Global insurers and reinsurers, Allianz, Aegon, Zurich, Swiss Re and Munich Re, have jointly launched a Blockchain Insurance Industry Initiative B3i to gain all the benefits cited above.
3.Supply Chain Management
Total visibility of a package or an entire consignment from the time it leaves the factory floor until it reaches the customer doorstep is a critical need for Supply Chain Management. Blockchain makes that possible by providing a track of the goods within the organization as well those that are dispatched for delivery.
Data from various stakeholders, including factory personnel, deliverers and customers can be used to streamline Supply Chain Management.

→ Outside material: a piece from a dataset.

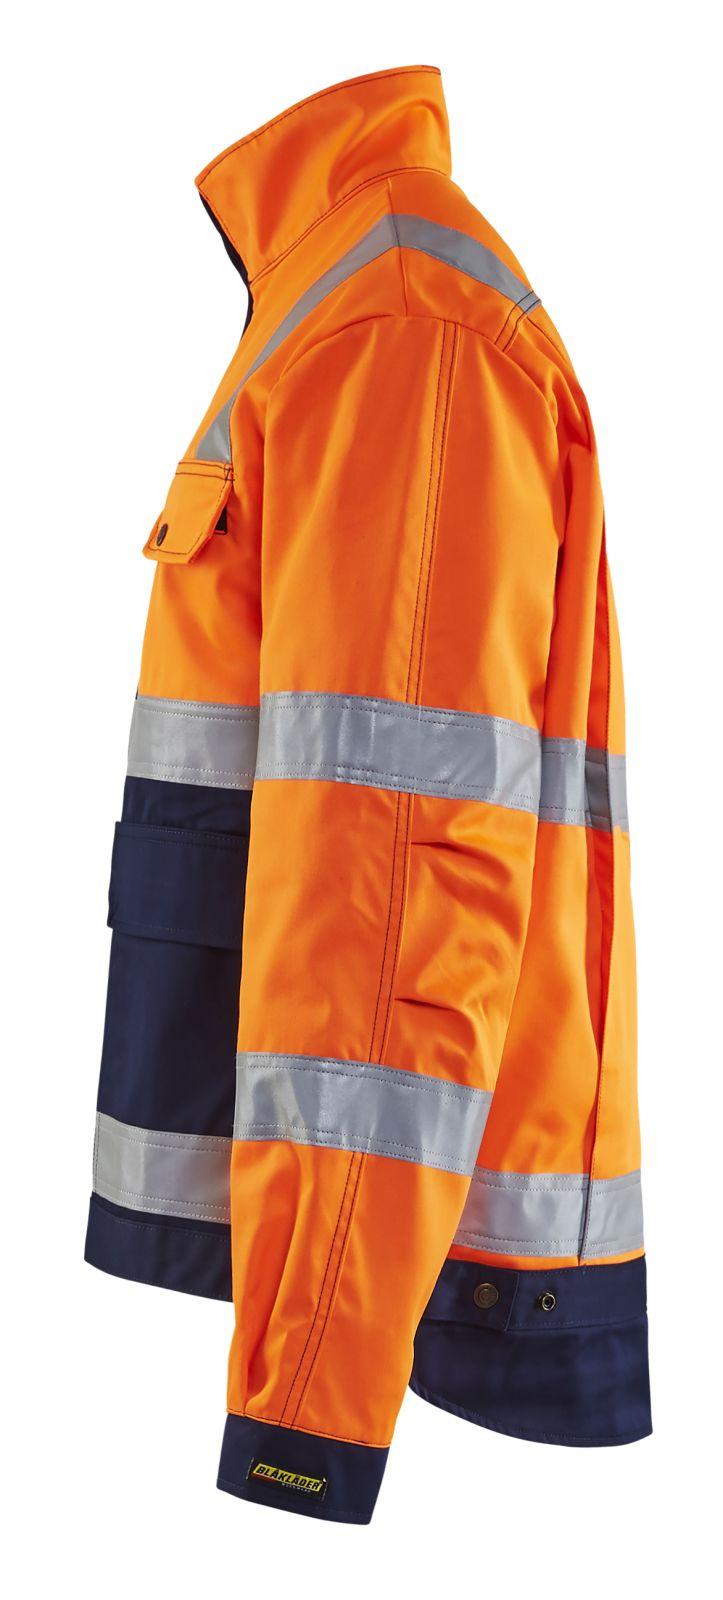 Blaklader Combi-jacks 40231804 High Vis oranje-marineblauw(5389)

Walmart, the global retail behemoth has already tasted success by building a Food Safety Solution using IBM Blockchain Platform.
The Way Ahead
Currently, Blockchain is being envisioned more as a problem-solver than a game-changer for industries, typically for the financial services sector. It will help remove the need for intermediaries in financial transactions that inflate costs and also slow down transactions.
In spite of its many possibilities, Blockchain adoption is still in its nascent stages. Adoption is primarily slow due to lack of technical talent and knowledge gaps. Also, legacy systems have massive volumes of data stored in them. It is not possible to move them on an experimental basis.
Once it does come into force, Blockchain will change the way we do business. Right now, Blockchain needs to earn the trust of users before it can become an epicenter for trust-based transactions.